Courtesy of Chantel Henry
- I went to Las Vegas for a work conference and met my future husband there.
- Within 24 hours, I told him I’d follow him anywhere.
- Thirteen years later, I’m married to him and raising our children in Trinidad and Tobago.
Thirteen years ago, I flew from Atlanta to Las Vegas for a work conference. I thought I was going to learn how to build a business: strategies, contacts, maybe some motivation. I did not know I was walking into the room where I would meet the man I would eventually marry.
I was 25 and tired of dating men who looked good on paper but didn’t feel right in real life. From the outside, some of the men I dated seemed impressive: money, status, ambition, the kind of résumés many women are told to want. But something was always missing.
So when I received an invitation to a work conference for a direct-selling business I’d recently joined, I was more than willing to meet someone new.
I was ready to settle down and find my partner
Before the trip, I made changes that felt dramatic at the time.
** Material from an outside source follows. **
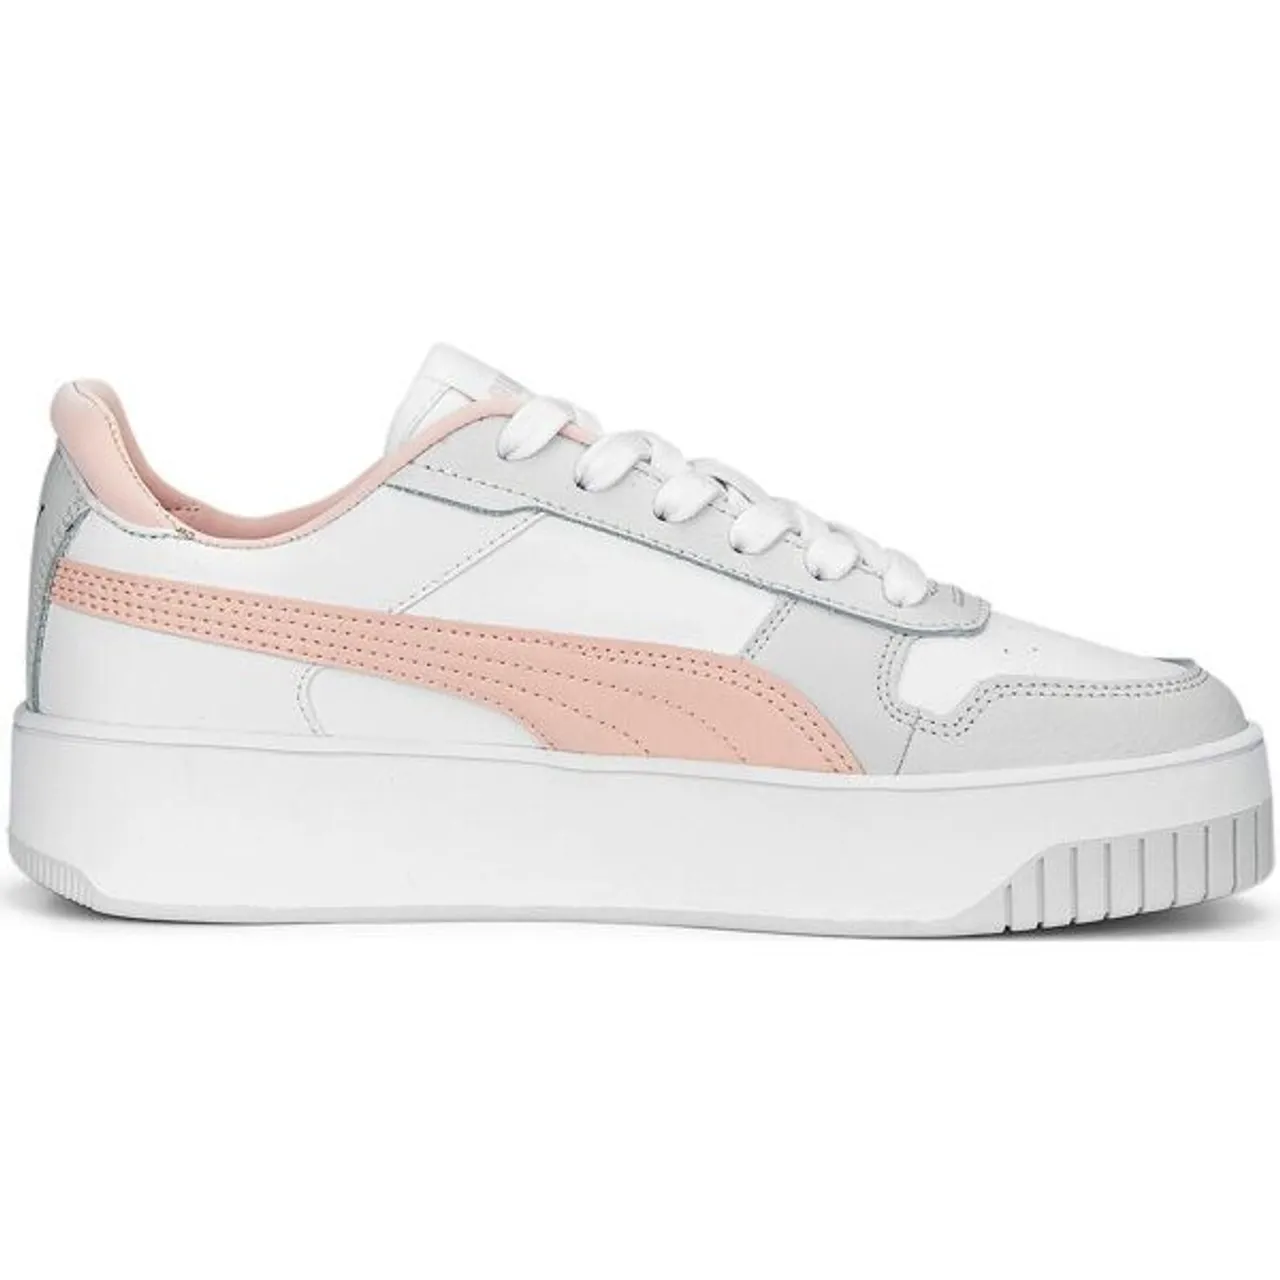 Sneaker PUMA "CARINA STREET" Gr. 39, rosa (puma white, rose dust, feather gray) Schuhe Sneaker

I cut off the locs I’d been growing for more than four years. I stopped dating. I changed the names of several men in my phone to “Do Not Answer.” I made a private vow to stop entertaining almost-right men while praying for the right one.
On the flight to Las Vegas, I couldn’t sleep, which almost never happens. I kept shifting in my seat, restless in a way I couldn’t explain. Eventually, I pulled out my cream-colored journal and jotted down everything I wanted in a husband.
Nine bullet points. Not a fantasy list — an honest reckoning with the kind of man I wanted to love, trust, and follow.
I met my husband while waiting in line at the conference
The next morning, I woke up late. One hour before the conference doors opened, I rushed downstairs in four-inch heels to find the line already wrapped around the corner.
Courtesy of Chantel Henry
The conference had attracted people from many countries, and the hallway was full of accents. One caught my attention: warm, rhythmic, unfamiliar. A man smiled at me, which was enough of an invitation to make an instant friend. I joined him in line, grateful for the rescue.
We made small talk, but then I looked up and saw another man standing nearby.
Tall. Handsome. A Caribbean rhythm in his voice. Something about him stopped me. It was an immediate knowing — the kind that sounds ridiculous when you say it out loud.
I was looking at my husband.
He was from Trinidad and Tobago and had only arrived in America three days earlier. This was his first time in the US. He wasn’t trying to impress me with what he had or who he knew. He was calm, sure of himself, and something about him made me feel safe.
We’ve since built a life together
The next day, after barely 24 hours, I said something that still shocks me.
“I don’t know where Trinidad is on the map,” I told him. “But I’ll follow you wherever you go.”
I meant it. Thirteen years later, I am married to him and raising our children in Trinidad and Tobago. I moved here because it felt like a beautiful place to raise my children.
They get to grow up climbing mango, coconut, and plum trees in our backyard, connected to nature in a way I didn’t experience growing up in inner-city Baltimore.
The hardest adjustment has been being far from my immediate family, but the peace and simplicity here have been worth it.
I went to Las Vegas looking for business advice. I left with a future I could never have planned for myself.